Un personnel motivé représente un atout clé pour une organisation. Motiver le personnel doit
être un des objectifs majeurs de la gestion des ressources humaines. Pourtant, la motivation
est un phénomène complexe et étonnamment méconnu par les IMF.
Il existe une grande variété de théories sur la motivation ; il est possible dʼen construire une
synthèse pour tirer des enseignements concrets pour la gestion des ressources humaines
dans les IMF.
Tout dʼabord, contrairement à certaines idées reçues, la rémunération nʼest ni la seule ni
la principale source de motivation. Il semblait donc utile, dans ce dossier, de sʼintéresser
aux théories de la motivation afin de tenter dʼidentifier les leviers dont dispose la direction
des ressources humaines pour développer et maintenir la motivation du personnel.
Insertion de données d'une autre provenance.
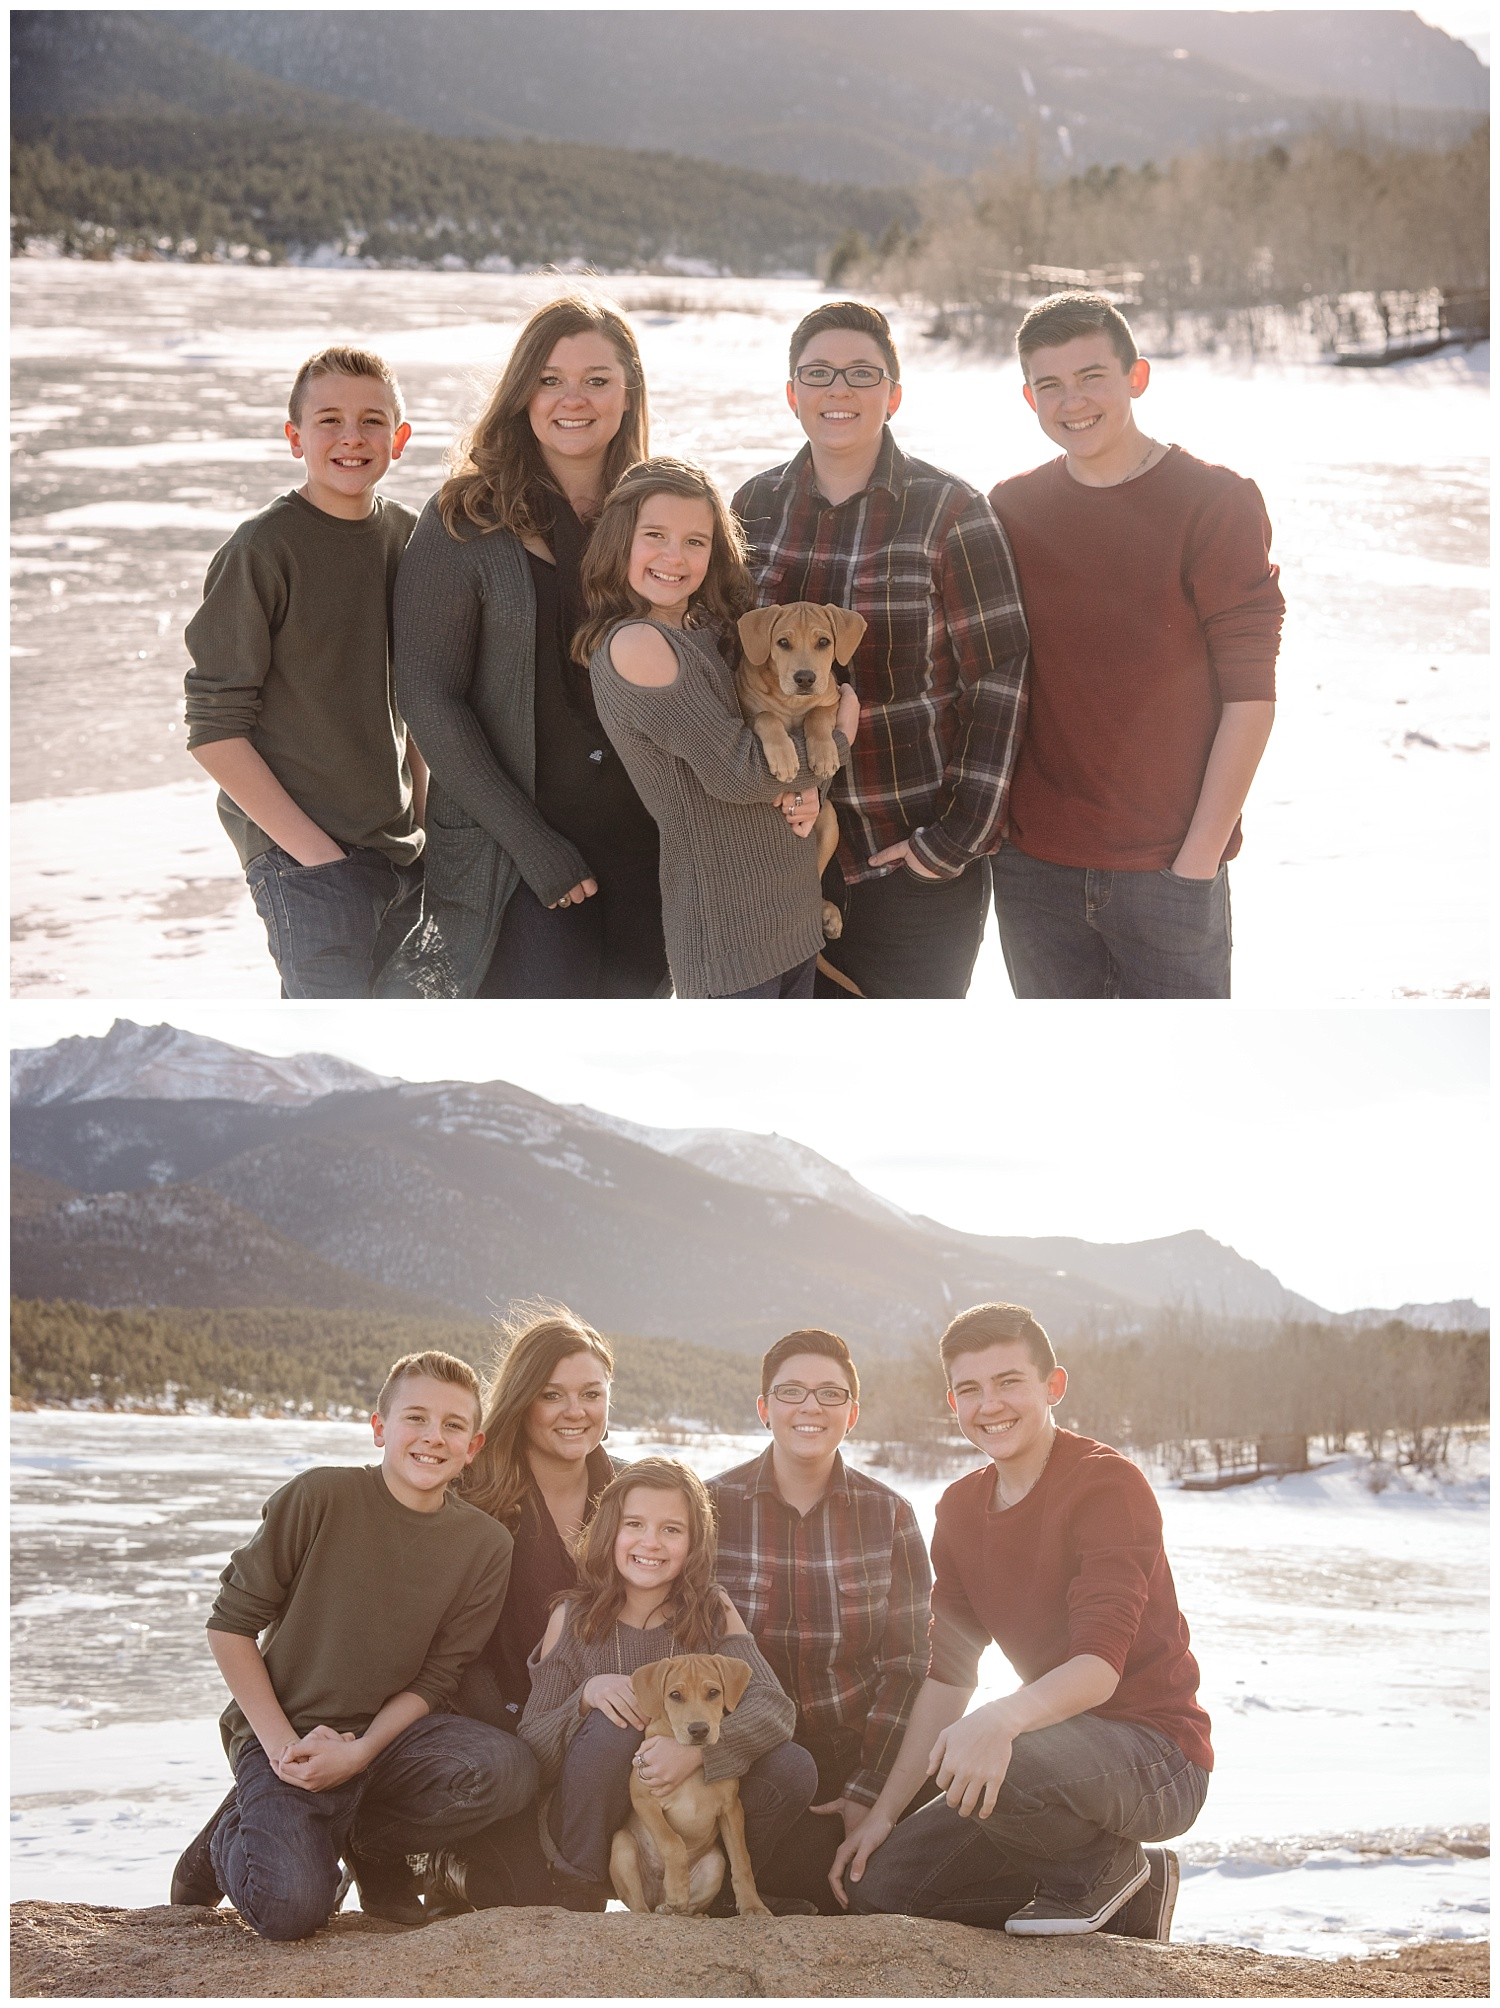 Young Family Posing 2 Moms   Jenny and Tara's Epic Mountain Engagement Session   Pikes Peak, Colorado Photography   Farm Wedding Photographer   Apollo Fields Wedding Photojournalism

Nous
apportons ici un éclairage théorique très synthétique, en citant les principaux auteurs et
principales théories : Maslow, Herzberg, Vroom et la théorie des attentes, Adams et la
théorie de lʼéquité. Le lecteur pourra se reporter aux nombreuses ressources en ligne pour
approfondir ces théories selon ses souhaits.
La rémunération nʼest ni la seule ni la principale source de motivation
Si lʼon suit la théorie de Maslow, la rémunération est un facteur de motivation pour les
personnes à qui elle permet de satisfaire des besoins physiologiques (sʼalimenter, se vêtir)
quʼelles ne satisfaisaient pas auparavant. Donc, à ce titre, la rémunération nʼest motivante
que pour les bas salaires.
Herzberg classe la rémunération dans les « facteurs dʼhygiène » qui nʼont pas dʼimpact sur la
motivation.
La rémunération devient un facteur de motivation quand elle est liée à dʼautres facteurs de
motivation : la rémunération peut être perçue comme une reconnaissance du travail fourni
(cf. Maslow : estime des autres), comme une réponse à une expectation (cf. théorie des
attentes de Vroom) ou comme un signe dʼun traitement juste et équitable (cf. théorie de
lʼéquité dʼAdams). Dans tous ces cas, le montant de la rémunération nʼest pas important en
soi, mais par rapport à autre chose.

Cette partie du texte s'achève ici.